Certes, les pratiques fakiriques de certains ascètes chrétiens nous dépassent. Ce genre de sport relève d’un tempérament qui n’est plus celui du modèle courant de l’organisme humain. D’autres moyens pourtant sont à la portée de notre cœur. Ils sont moins spectaculaires, mais tout aussi efficaces pour passer les frontières de notre nuit.

L’intérêt des chrétiens d’aujourd’hui pour le yoga n’est pas une lubie, une mode. Ils ont compris que la maîtrise de certaines puissances de l’organisme humain excluait toute violence. Une certaine régulation interne suppose un cheminement de douceur et de silence. Ainsi l’homme tout entier, conscient de son unité qui dépasse la division grossière de l’âme affrontée au corps, peut entrer dans le monde d’une conscience élargie. Ainsi réintégrée, la forme organique d’un être devient pour lui le moyen de saisir une réalité plus vaste. Il agrandit ainsi l’échancrure phénoménale qui se prenait pour la porte immuable du savoir.

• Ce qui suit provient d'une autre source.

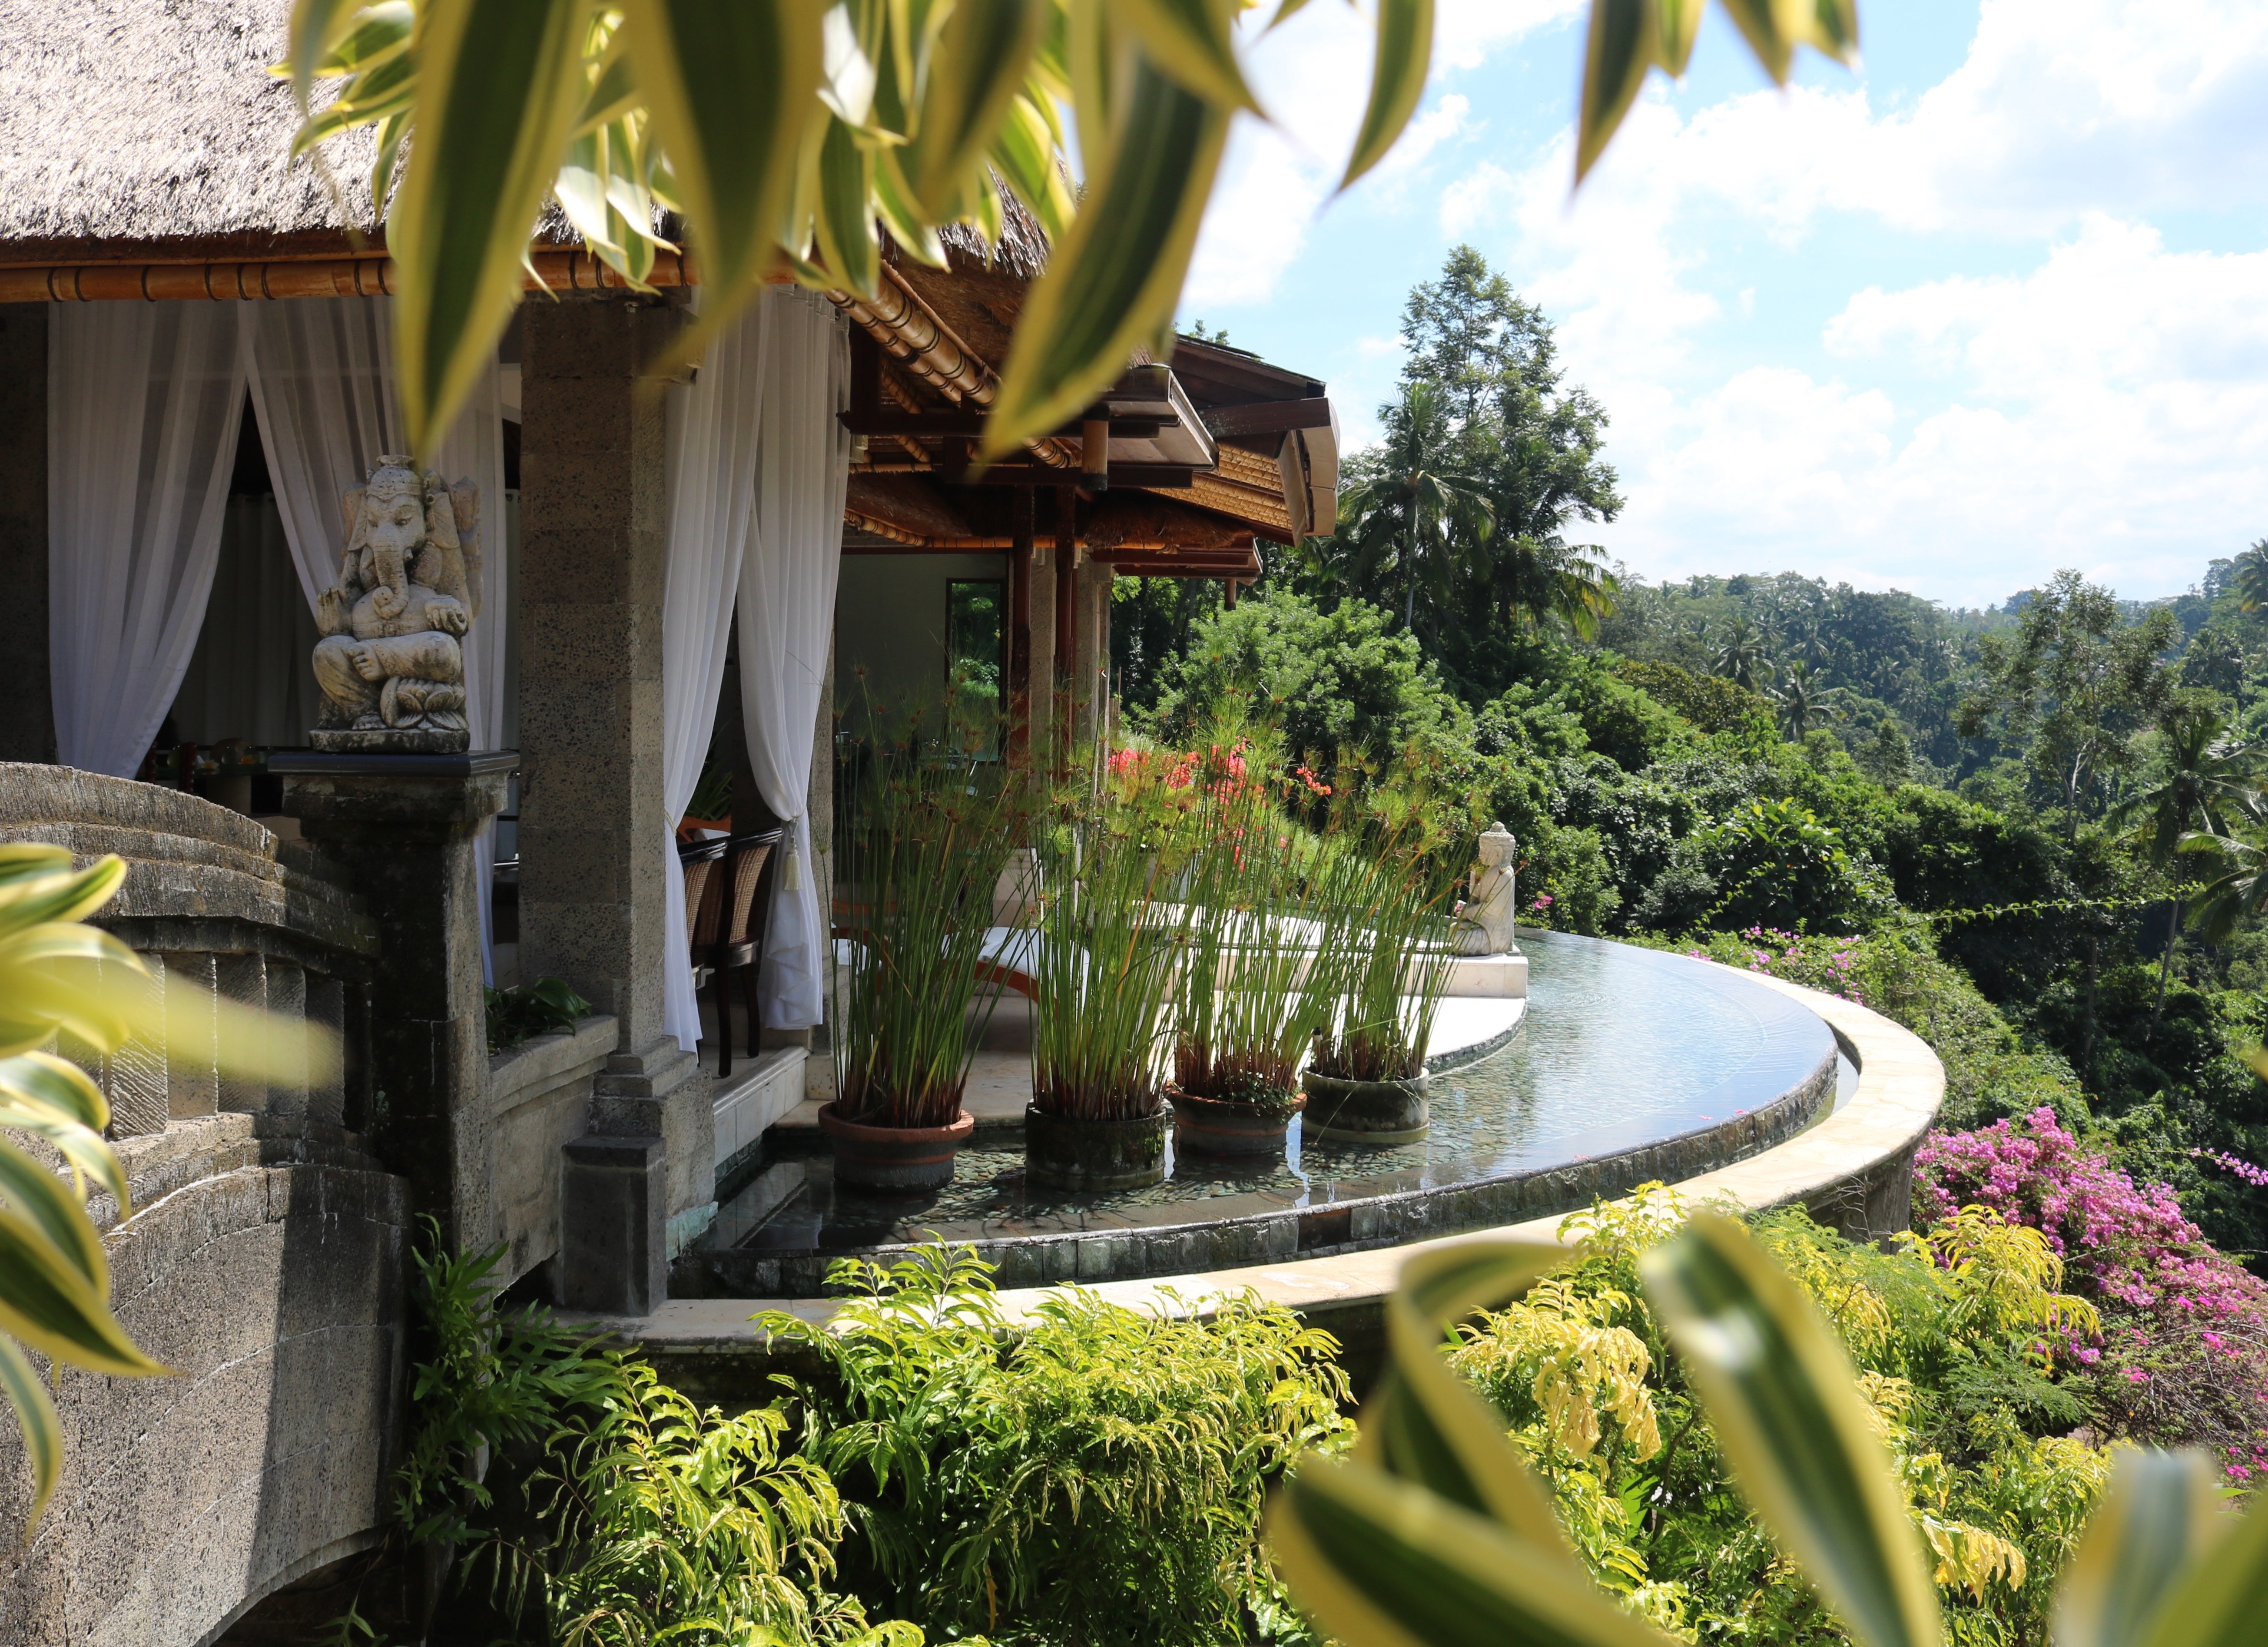 The Lembah Spa at The Viceroy Bali

Tout cela nous ramène vers le « monde » de saint Jean. Ce monde mis en question est peut-être l’univers construit par une perception limitée, utile, indispensable pour la vie du groupe, mais barrière devant un au-delà présentement désirable. Le moine, écarté, solitaire est un voyant qui discerne cet ailleurs dans l’optique de son unité retrouvée. Il provoque le laïque à une semblable expérience. Ce faisant, il entre inévitablement en conflit avec les gardiens du groupe, mais au-delà des gardiens on trouve des sages qui savent que le plus grave péril pour une société est l’ennui. Ils n’ignorent pas qu’il est au cœur de l’homme une insatisfaction profonde. L’argent, le travail et la réussite ne sauraient la guérir.

Vaincre le monde c’est, tout en faisant face aux obligations de la condition humaine, ne pas abandonner la quête de l’Autre Visage, secret d’une totalité qui peut seule nous combler.

Dans la mesure où l’Eglise retrouvera cette perception habituelle de l’inhabituel, elle reprendra du même coup sa transparence proprement divine. Bien des habitudes prises, consacrées, bénies, ancrées, risquent d’être remises en question. Mais finalement la barque de saint Pierre n’est pas un vaisseau à l’ancre. Il est fait pour la haute mer.

L’Eglise est aussi une réalité vivante, un corps animé par le Christ et l’Esprit. Cet organisme est un peu pétrifié par ses résistances, raidi par trop de mécanismes de défense. Quel réformateur peut lui rendre sa souplesse originelle, sa disponibilité fondamentale ? Seul l’Esprit de Dieu peut lui susciter les êtres illuminés qui, portant au-dessus des combats de détail le témoignage rayonnant de leur vie, rappelleront les exigences fondamentales du Père sur le corps mystique de son Fils.